A teoria parecia sólida. Afinal, os Estados Unidos continuam sendo a maior economia do planeta, possuem as forças armadas mais sofisticadas da história e lideram uma extensa rede de alianças. O Irã, por outro lado, enfrentou décadas de sanções, restrições comerciais, dificuldades financeiras e isolamento internacional. Em condições normais, a assimetria entre os dois países sugeriria um desfecho relativamente previsível.

A história, contudo, raramente recompensa previsões lineares. Apesar das dificuldades econômicas e dos custos internos significativos, o Estado iraniano permaneceu funcional, preservou sua capacidade de resposta e evitou o colapso que muitos analistas consideravam inevitável. Mais importante ainda, não houve mudança de regime nem capitulação política, como diversos setores em Washington e Tel Aviv esperavam alcançar.

É precisamente nesse ponto que o memorando se torna relevante. O documento não representa uma vitória inequívoca dos Estados Unidos, tampouco pode ser interpretado como um triunfo iraniano. Ele reflete algo muito mais interessante: o reconhecimento mútuo de que ambos os lados encontraram limites ao que poderiam alcançar por meio da coerção.

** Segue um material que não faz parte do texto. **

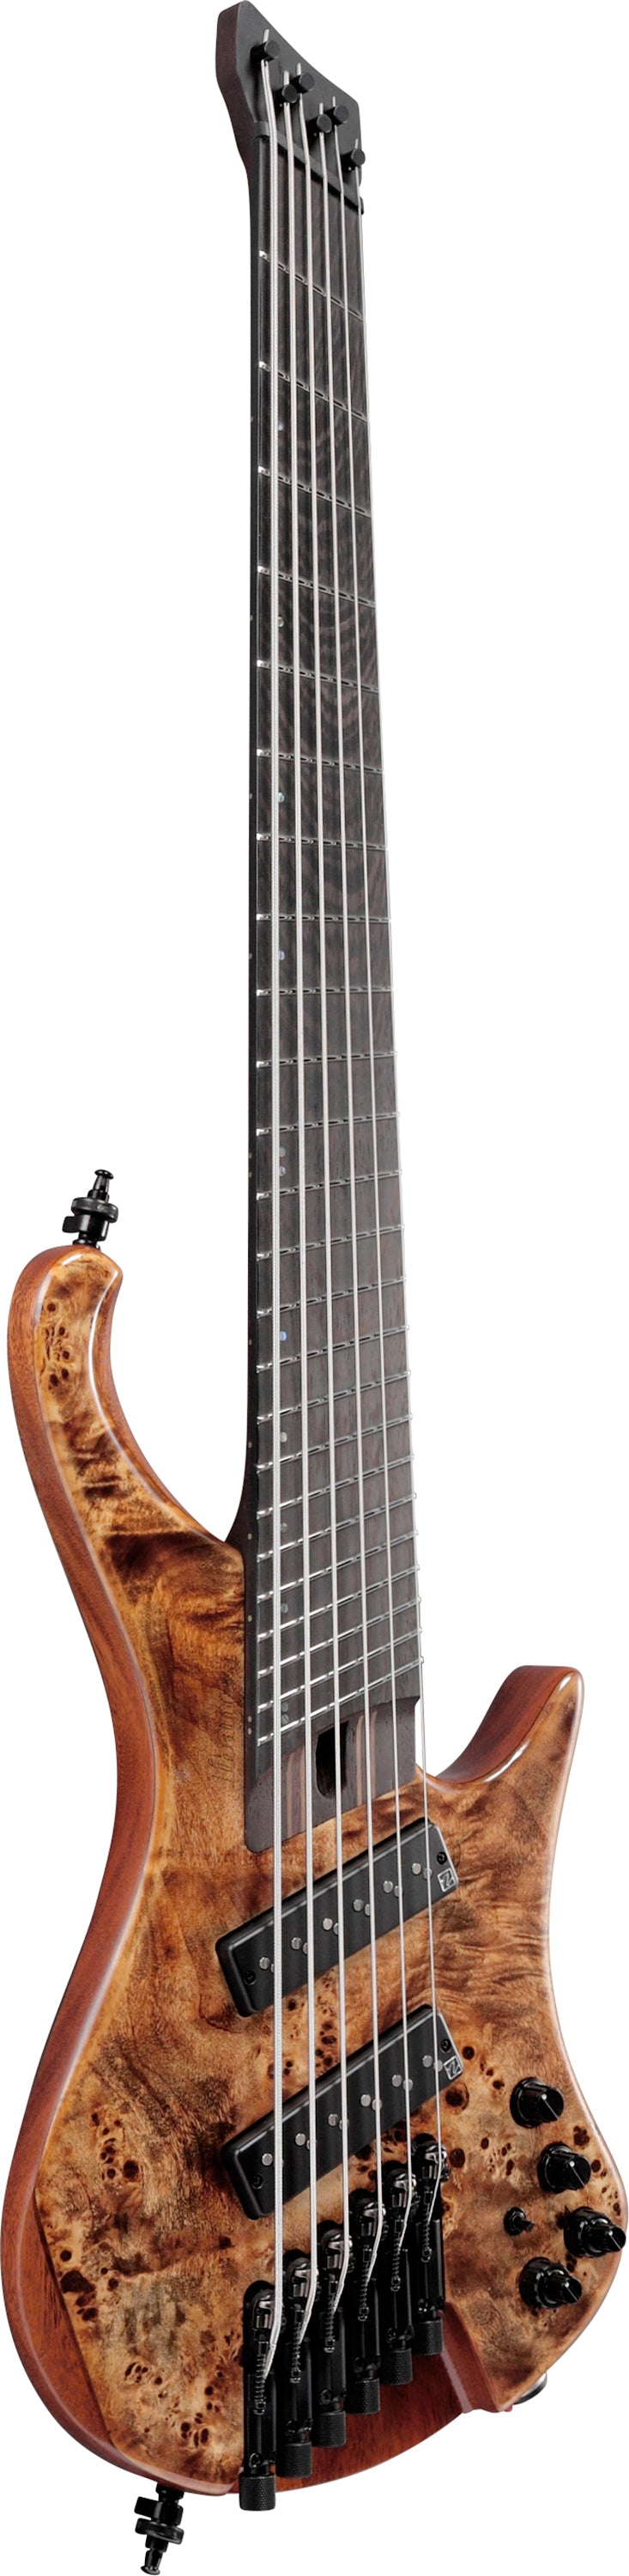 Ibanez EHB1506MSABL EHB Ergonomic Headless Bass 6 Strings Multiscale (Antique Brown Stained Low Gloss)
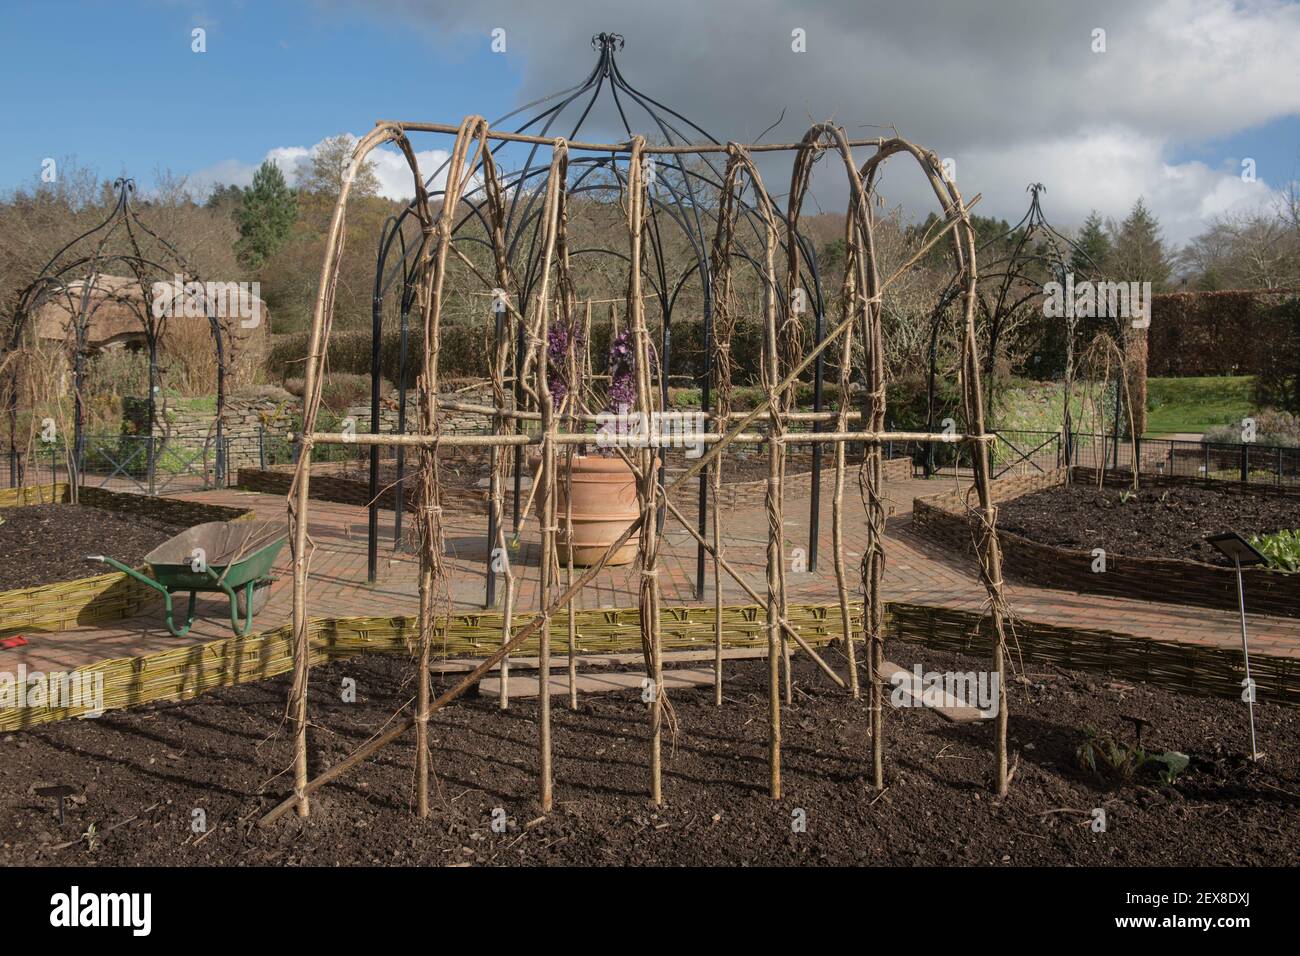 Arch or Wigwam Being Built from Hazel Sticks to Support Climbing Plants and Vegetables in a Potager Garden in Rural Devon, England, UK Stock Photo

Ao longo da história, as grandes potências frequentemente descobriram que superioridade militar não garante sucesso político. Os Estados Unidos venceram inúmeras batalhas no Vietnã, mas não conseguiram vencer a guerra. A União Soviética enfrentou uma situação semelhante no Afeganistão. Décadas depois, Washington enfrentaria a mesma realidade naquele país. Em todos esses casos, o problema não foi a falta de recursos ou de capacidade militar, mas a dificuldade de transformar força em resultados políticos sustentáveis.

O caso iraniano sugere que estamos diante de uma transformação ainda mais profunda. Uma variável frequentemente ignorada passou a desempenhar um papel central: a resiliência. A capacidade de absorver custos, suportar pressões prolongadas e preservar a coesão interna tornou-se uma forma de poder tão relevante quanto tanques, mísseis ou sanções econômicas. O Irã não derrotou os Estados Unidos. Mas demonstrou que impedir a vitória do adversário também pode constituir uma forma de sucesso estratégico.

Talvez essa seja a principal lição que emerge do memorando. Trump descobriu, como outros líderes americanos antes dele, que destruir capacidades é relativamente simples. Muito mais difícil é transformar essa destruição em uma nova realidade política favorável. A força continua sendo um instrumento indispensável da política internacional. O que mudou foi a crença de que ela, sozinha, é capaz de resolver problemas complexos.

O século XXI está revelando um cenário em que a capacidade de resistência se tornou tão importante quanto a de ataque. Nesse contexto, o memorando entre Washington e Teerã – e o isolamento de Israel – talvez seja lembrado menos pelos seus quatorze pontos e mais pela lição estratégica que simboliza: até mesmo as maiores potências do mundo estão descobrindo que existem limites ao poder quando ele encontra, pela frente, sociedades dispostas a resistir.